Flood might result in new sales tax for Austin

City considers all options in wake of $12 million loss

By Roxana Orellana

Austin officials are considering a city sales tax as a way to raise money to help recover from last month's record flood.

"We have discussed it from time to time as a source for funding for projects," Mayor Bonnie Rietz said. "And it has already come up now for the flood."


Record flooding two weeks ago caused an estimated $12 million in damage to nearly 80 businesses and 300 homes in Austin. Two people died as a result of flooding when the Cedar River crested at 25 feet on Sept. 15.

In the next few months, Austin will be looking at the feasibility of adopting a 0.5 percent sales tax, which would help generate about $1.1 million annually. It's expected that about 87 percent of the sales tax would come from Austin residents.

Whatever solution the city comes up with, Rietz said, it will involve federal, state and local money. The sales tax would be a way to raise the local contribution, she added.

Before a city can enact a sales tax, the Legislature must give its blessing and voters must pass a referendum.

City officials expect to put together a sales tax request for the upcoming legislative session.

Austin has considered a sales tax before, but has never gone through the process of applying it.

"We've opened the book and were looking at all aspects now as to what direction we should take for both a solution and funding," Rietz said.

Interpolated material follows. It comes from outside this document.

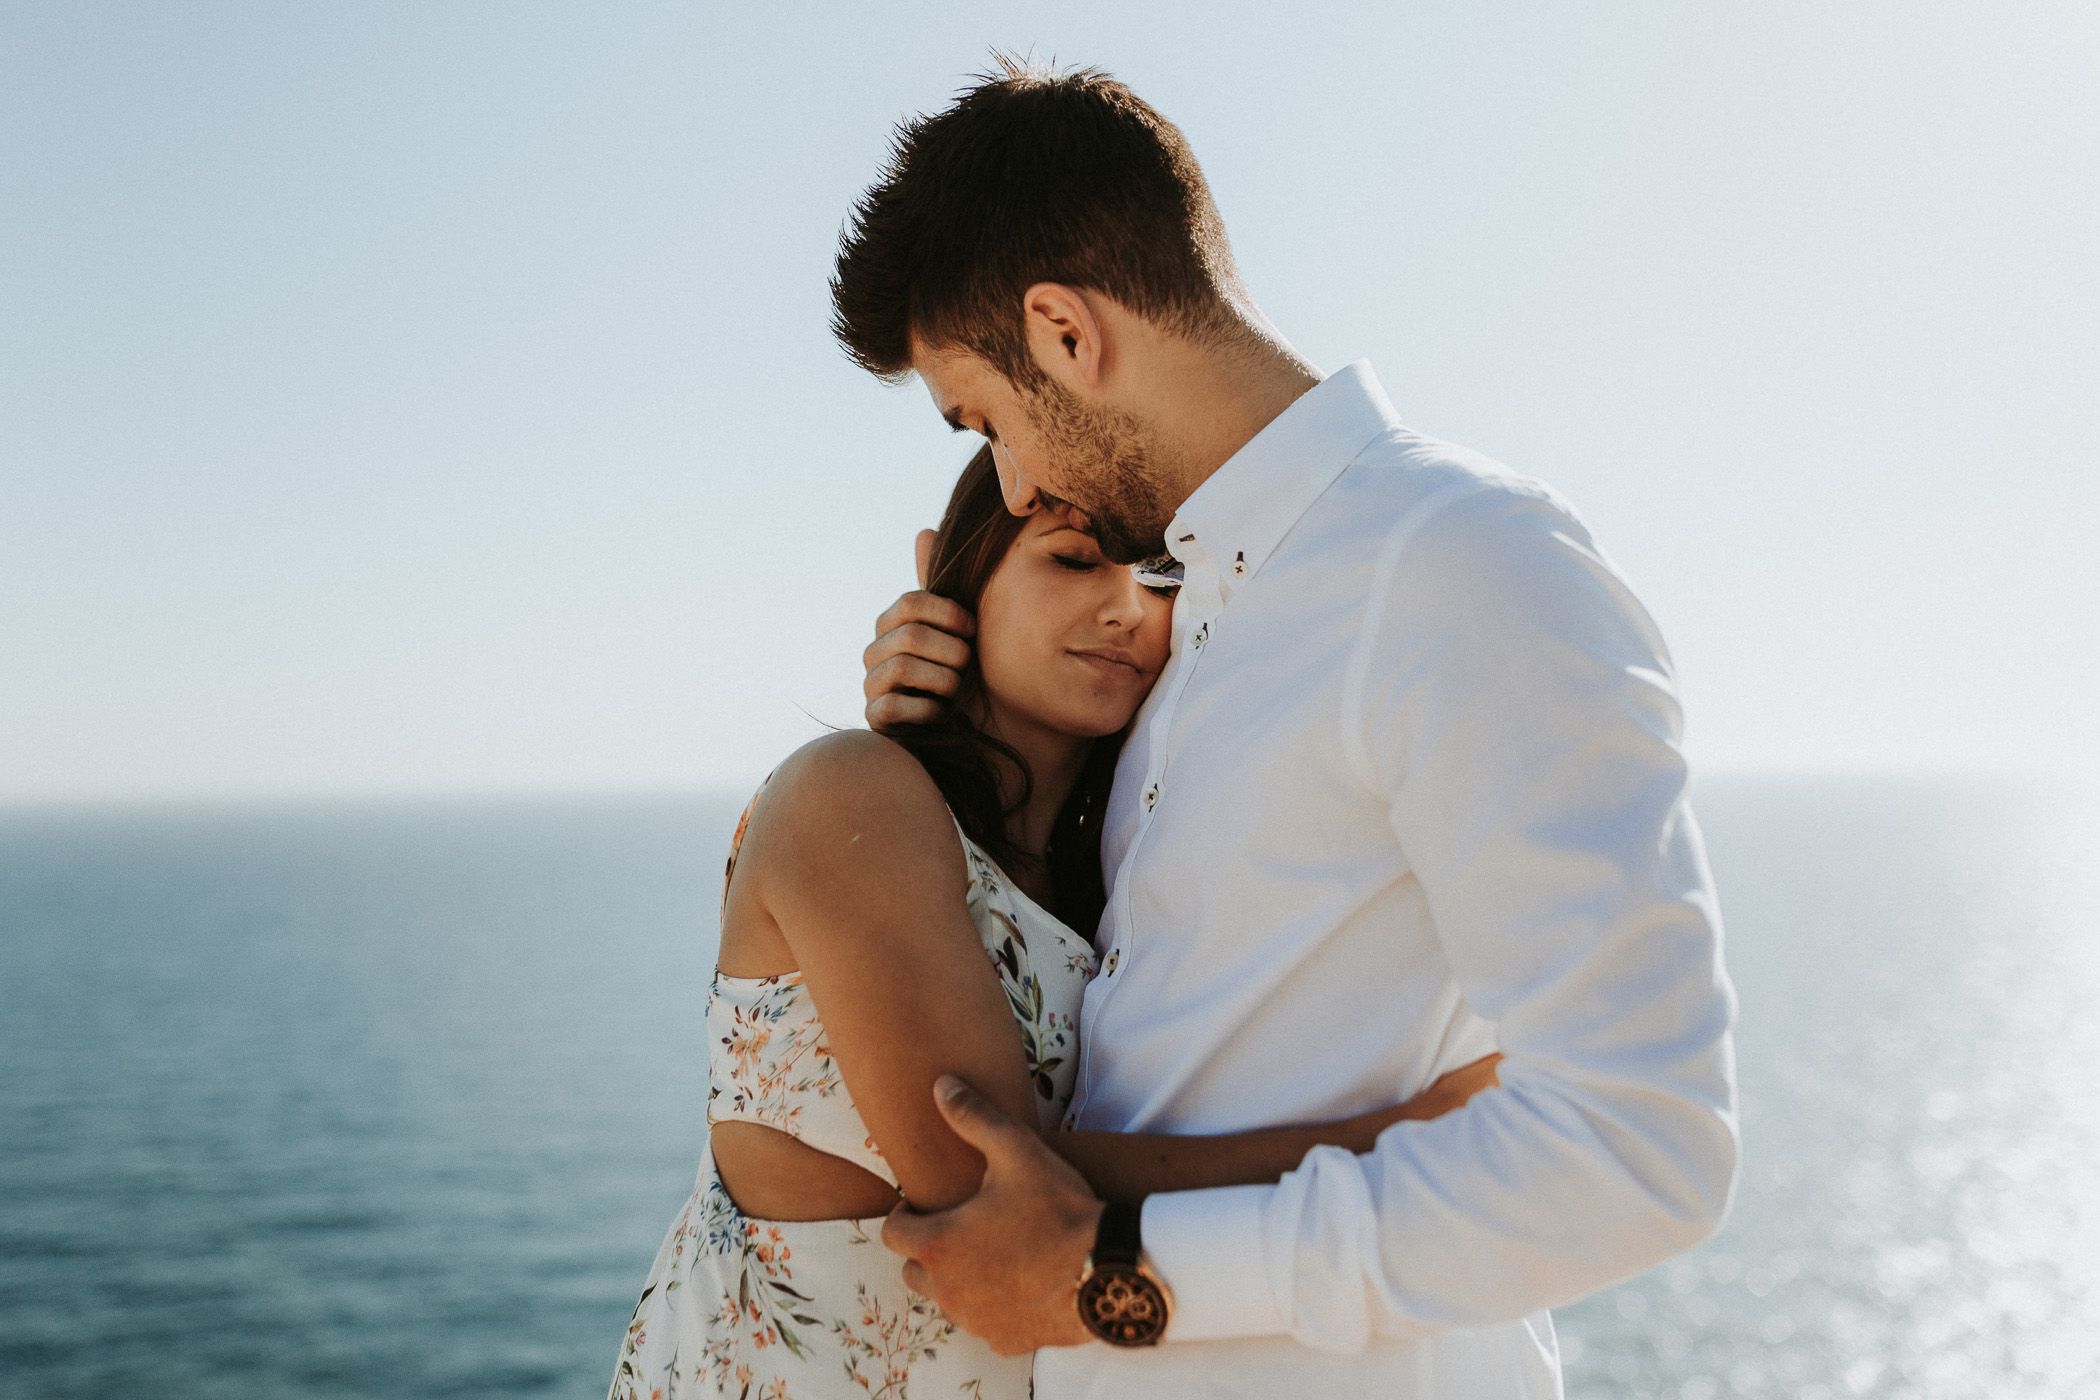 DanielaMarquardtPhotography_wedding_elopement_mallorca_spain_calapi_palma_lauraandtoni_82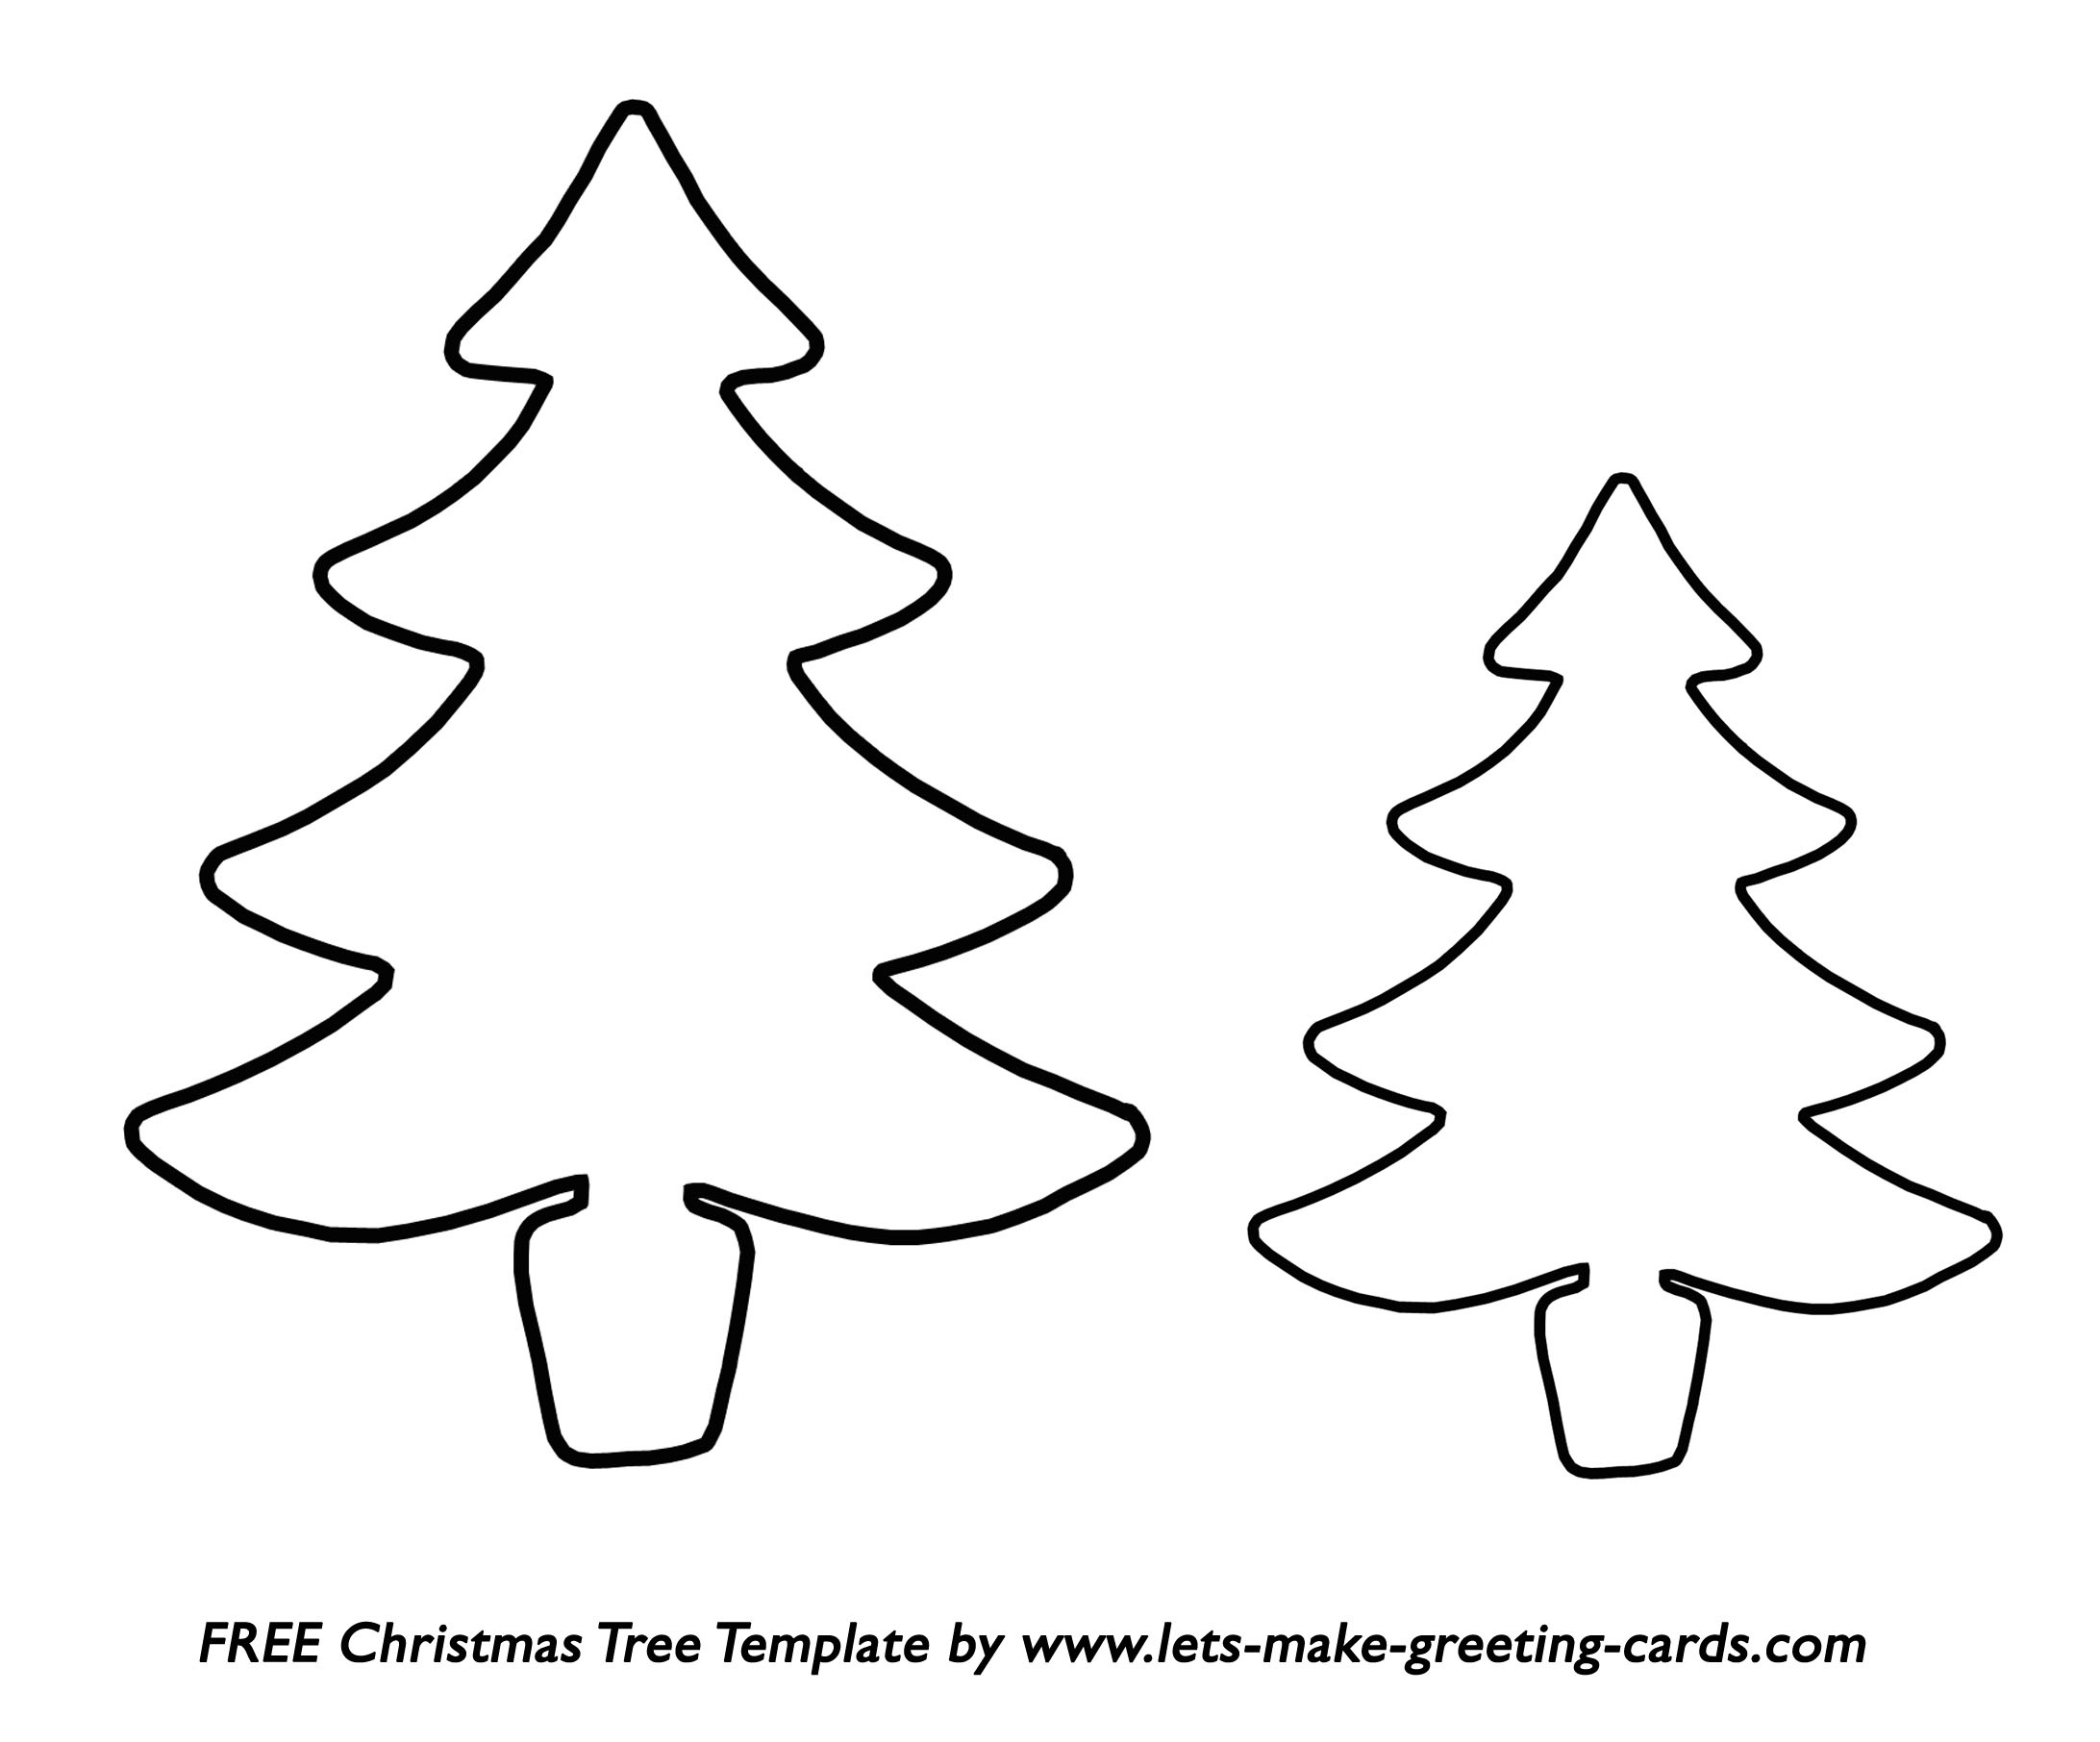 Free Christmas Tree Template. Free Christmas Card Ideas. - Free Printable Christmas Tree Template

City council members also decided Monday to recognize flood volunteers with a small gift and lunch. The council agreed to take funds set aside for the city's annual banquet and money not used for the Coalition of Greater Minnesota Cities conference this summer to thank city and utilities staff, as well as Red Cross and Salvation Army volunteers who helped during the floods.


Austin staff members will finish the appliance pick-up service for flood victims on Wednesday.